How your baby's growing:
By this week, your baby weighs two and a quarter pounds (like a Chinese cabbage) and measures 14.8 inches from the top of her head to her heels. She can blink her eyes, which now sport lashes. With her eyesight developing, she may be able to see the light that filters in through your womb. She's also developing billions of neurons in her brain and adding more body fat in preparation for life in the outside world.
Note: Every baby develops a little differently - even in the womb. Our information is designed to give you a general idea of your baby's development.
How your life's changing:
You're in the home stretch! The third and final trimester starts this week. If you're like most women, you'll gain about 11 pounds this trimester.
At this point, you'll likely visit your doctor or midwife every two weeks. Then, at 36 weeks, you'll switch to weekly visits. Depending on your risk factors, your practitioner may recommend repeating blood tests for HIV and syphilis now, as well as doing cultures for chlamydia and gonorrhea, to be certain of your status before delivery. Also, if your glucose screening test result was high and you haven't yet had follow-up testing, you'll soon be given the 3-hour glucose tolerance test.

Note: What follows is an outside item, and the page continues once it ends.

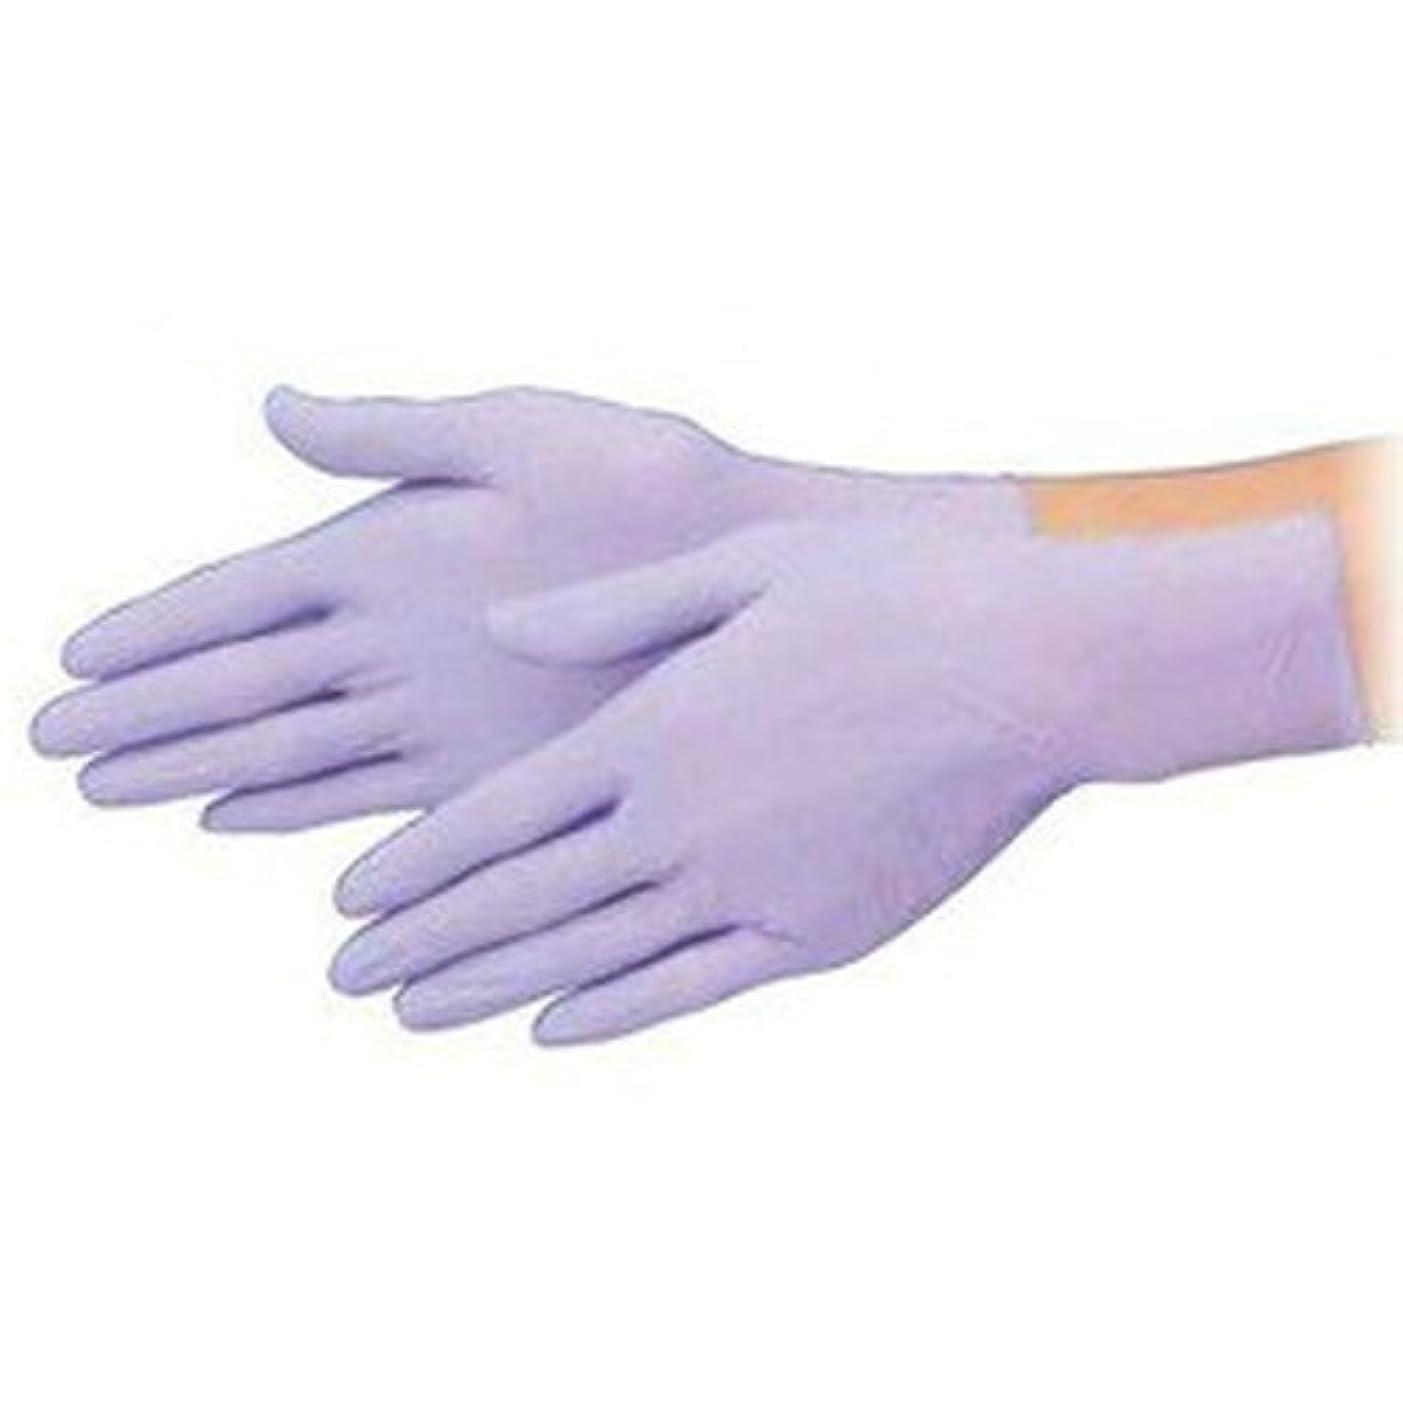 特派員強制のれん使い捨て 手袋 エブノ 522 スタンダードニトリルライト パープル Sサイズ パウダーフリー 2ケース(100枚×60箱)

And if the blood work done at your first prenatal visit showed that you're Rh negative, you'll get an injection of Rh immunoglobulin to prevent your body from developing antibodies that could attack your baby's blood. (If your baby is Rh positive, you'll receive another shot of Rh immunoglobulin after you give birth.)
Around this time, some women feel an unpleasant "creepy-crawly" sensation in their lower legs and an irresistible urge to move them while trying to relax or sleep. If this sensation is at least temporarily relieved when you move, you may have what's known as restless legs syndrome (RLS). No one knows for sure what causes RLS, but it's relatively common among expectant mothers. Try stretching or massaging your legs, and cut down on caffeine, which can make the symptoms worse. Ask your caregiver if you should try iron supplements, which can sometimes relieve RLS.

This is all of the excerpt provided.